_WHAT YOU ARE ASKED TO DO_
In the records below, find the line containing "Unicorns.Show" and the line containing "Subaru Legacy (second". Give again exactly those lines and every line between them, omitting the pictures.

_INPUT DATA_
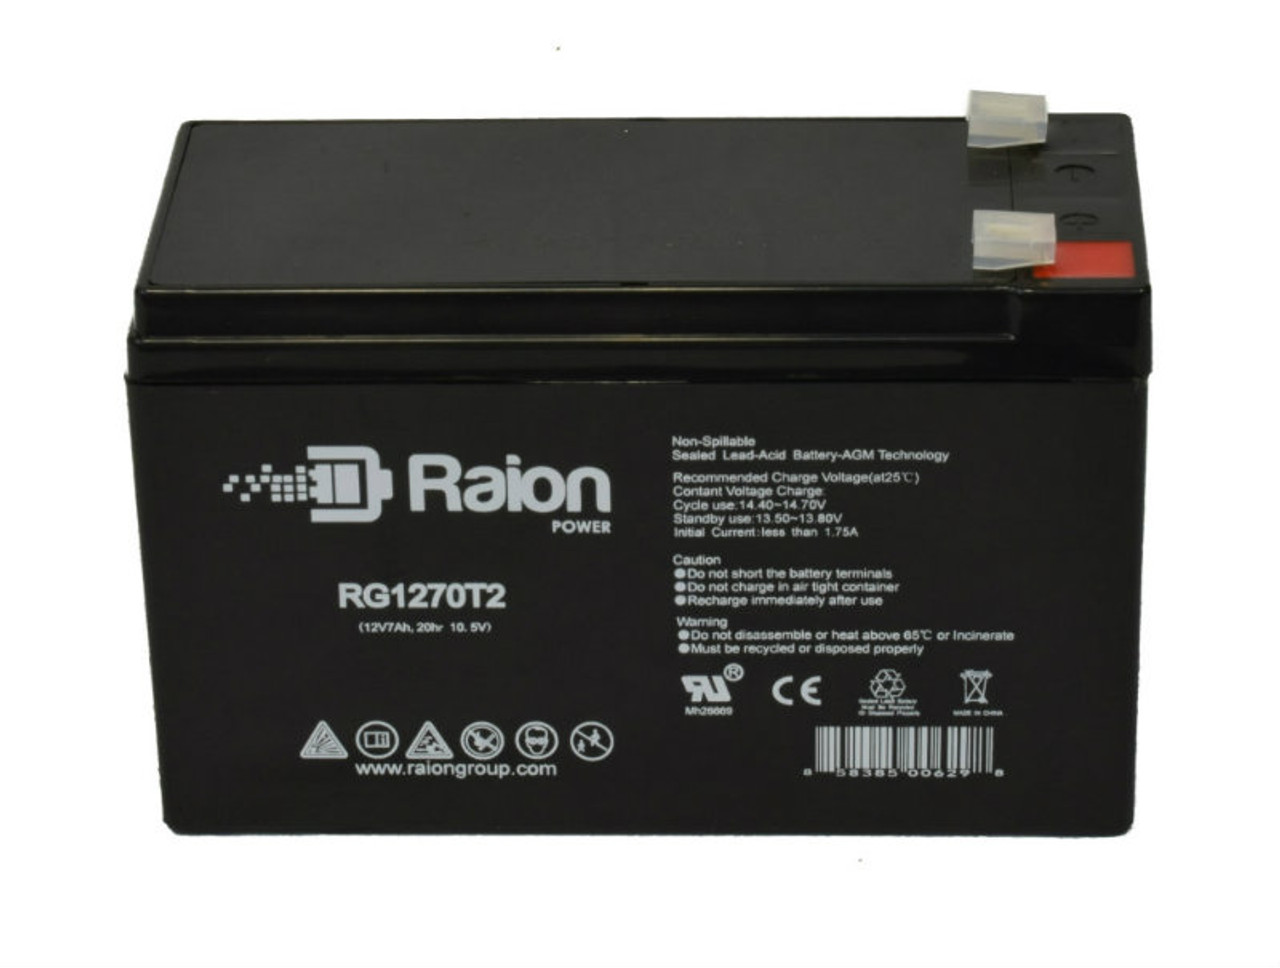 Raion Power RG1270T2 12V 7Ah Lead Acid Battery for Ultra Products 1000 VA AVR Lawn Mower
* * *
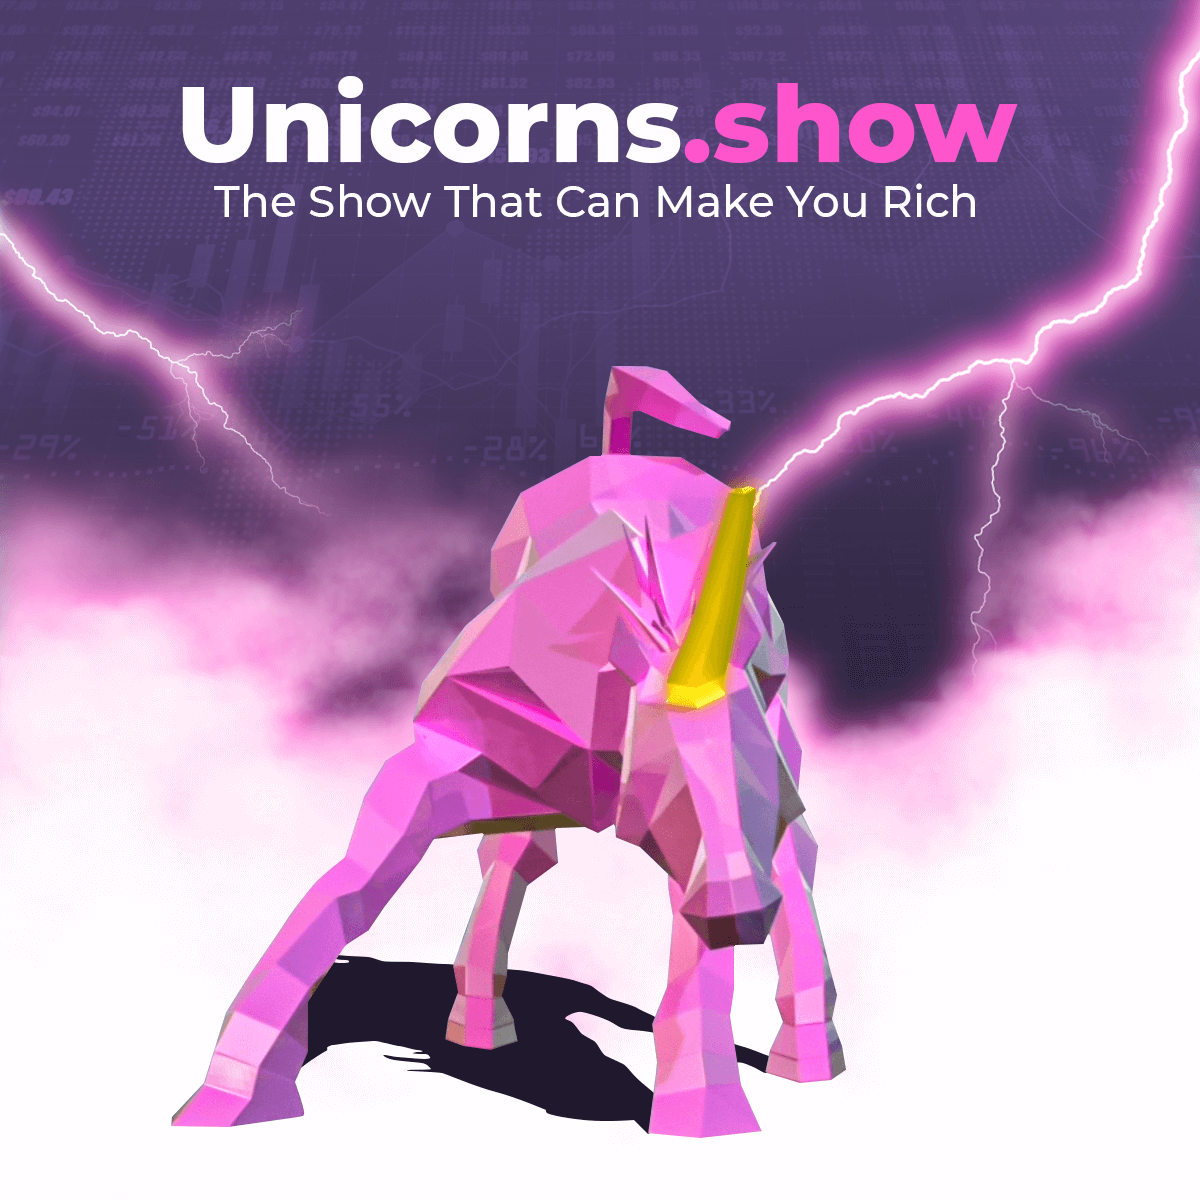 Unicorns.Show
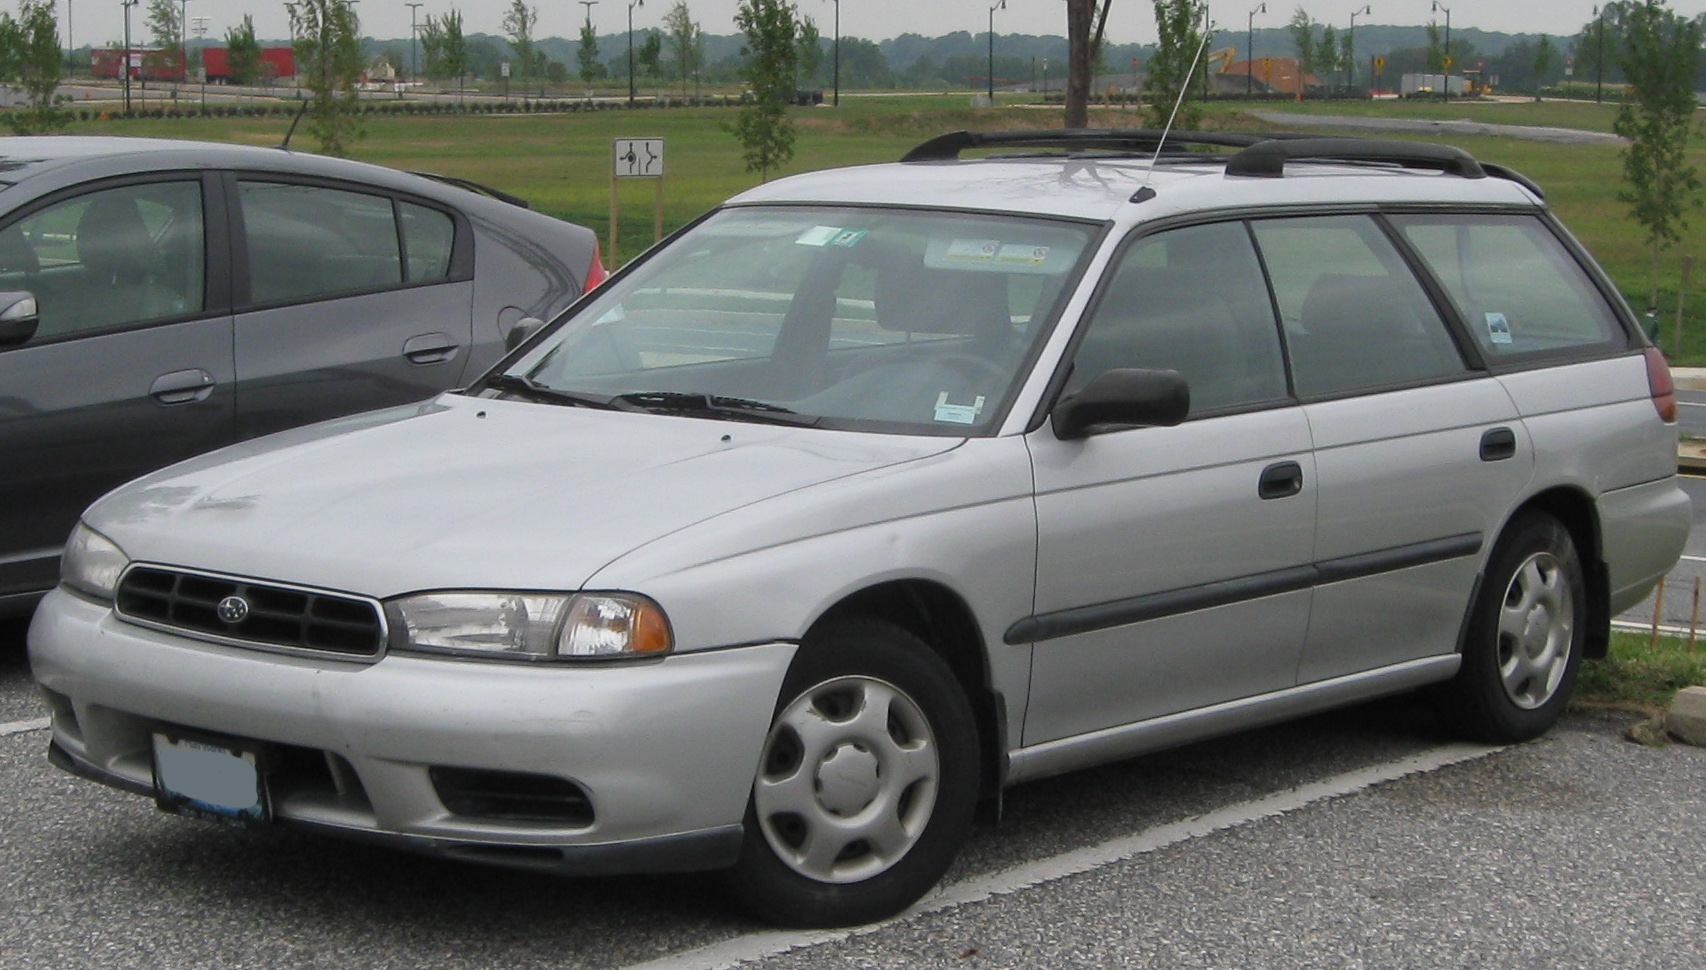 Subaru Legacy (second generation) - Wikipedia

_SOLUTION_
 Unicorns.Show
 Subaru Legacy (second generation) - Wikipedia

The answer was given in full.